1.d4 e5 2.Bh6 Qg5 3.d5 Qc1 4.d6 g5 5.dxc7 d5 6.Bg7 Bd7 7.c8=S Bd6 8.Sb6 axb6 9.Bf6 Ra3 10.Bd8 Rg3 11.f3 Ba4 12.Kf2 b5 13.Ba5 Se7 14.Bd2 0-0 15.c3 Rc8 16.Qc2 Qxf1+ 17.Ke3 Qf2+ 18.Kd3 Qb6 19.Bc1 Qd8

 まずは手数計算をしてみよう。盤面配置を作るのに白は5手しかかからないが、黒はQを除いて13手。良く見ると白Bf1は不動のまま取られていて、これを取ったのが黒Qなのは明らか。これに6手かかるから黒はちょうど19手になり、黒Pは(a筋かc筋かまだ不明だが)不動のまま取られていることが分かった。

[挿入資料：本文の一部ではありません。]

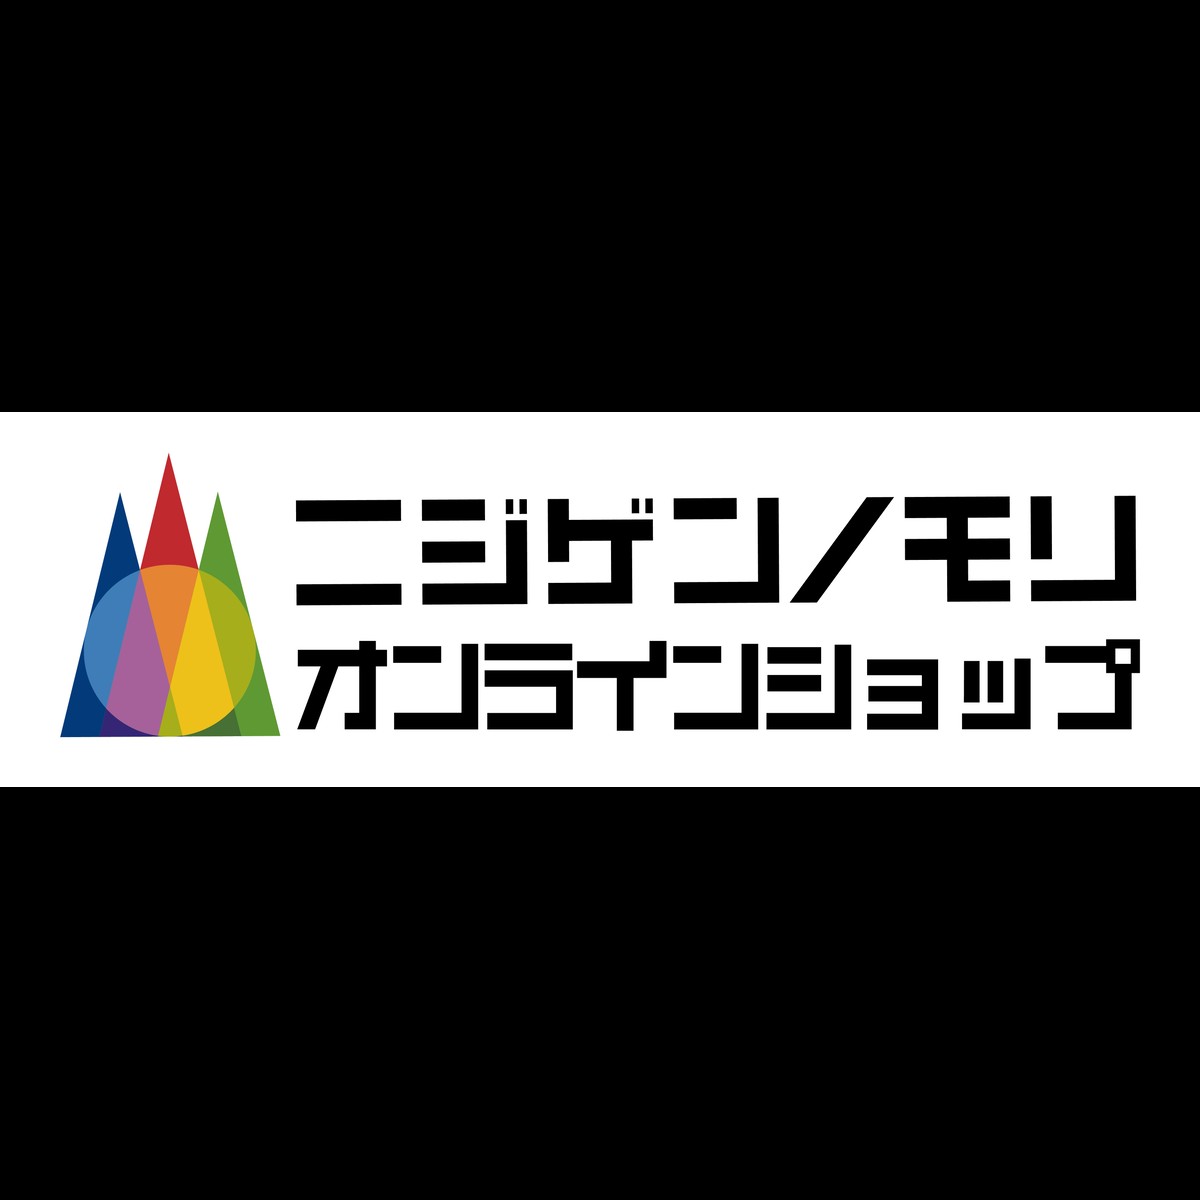 クレヨンしんちゃん 文房具 ニジゲンノモリ オンラインショップ

 また、よく考えてみると、白のd筋Pを取った黒駒がない(黒Qで取っていると手数オーバーしてしまう)、即ちこのPが成っていることが分かる。この白Pが成るにはc筋の黒Pを取るしかないから、これでPb5がa筋のPだったことも判明した。

 それにしても黒Qは、どういうコースで白Bを取ったのだろうか?すぐに思いつくのはb6-f2-f1あるいはh4-f2-f1というものだが、これはいずれもあり得ないことがすぐ分かる。黒は序に指せる手が限られているので(Pe5,Pg5とQを動かす手のみ)、少なくとも3手目までには黒Qを動かす必要があるのだが、Pc7は前述の通り白Pによって取られるのだから、3手目までに左に展開するのは不可能だ。しかし、白はRa8がg3に到着してやっとPf3が指せるのだから、h4から潜り込むのもやはり無理。では、黒が辿った軌跡はどんなものだったのだろうか?

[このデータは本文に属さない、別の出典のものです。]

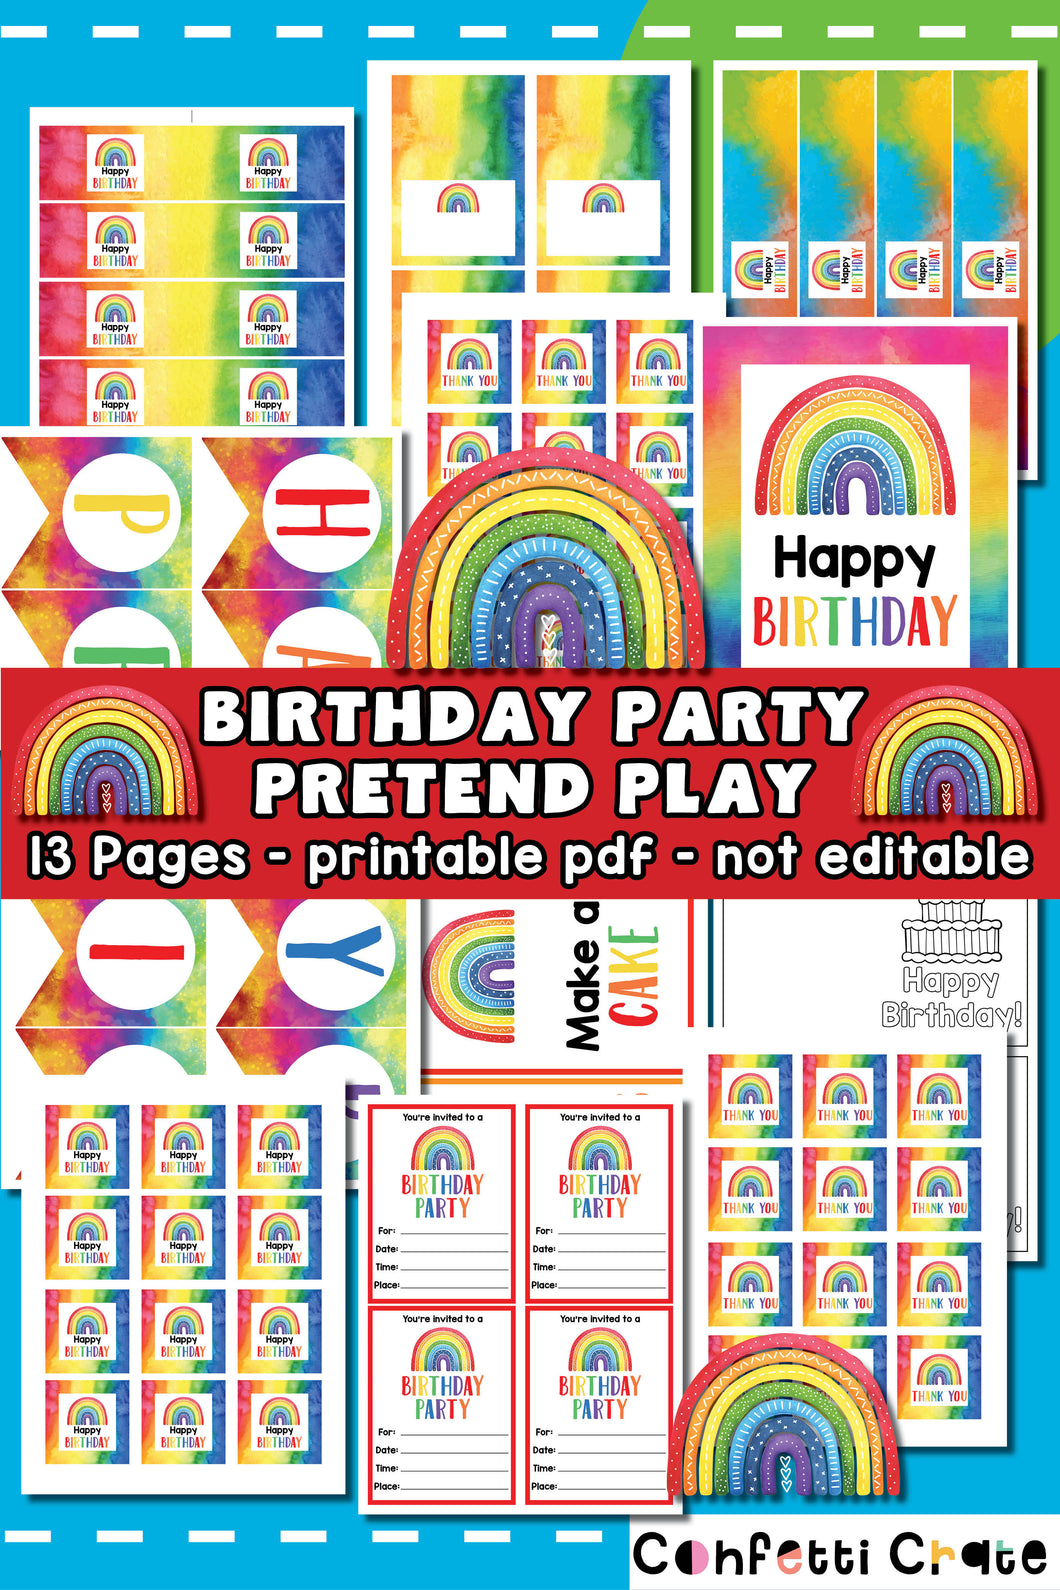 Birthday party pretend play printables.

 ああそうか、黒Qはg5-c1-f1と動いたのか!このルートが閃いた瞬間、残りの手順も芋蔓式に見えてくる(プルーフゲームを解いていて一番嬉しいひと時である)。序は1.d4 e5 2.Bh6! Qg5がぴったりだし、h6に行ったBがその後長い彷徨を経て初形位置に戻ってくる(Long Rundlauf with wB)だけの手数の余裕も白には十分ある。後は、Donatiの確かな作図テクニックを堪能しながら、手順を決めていけばよい。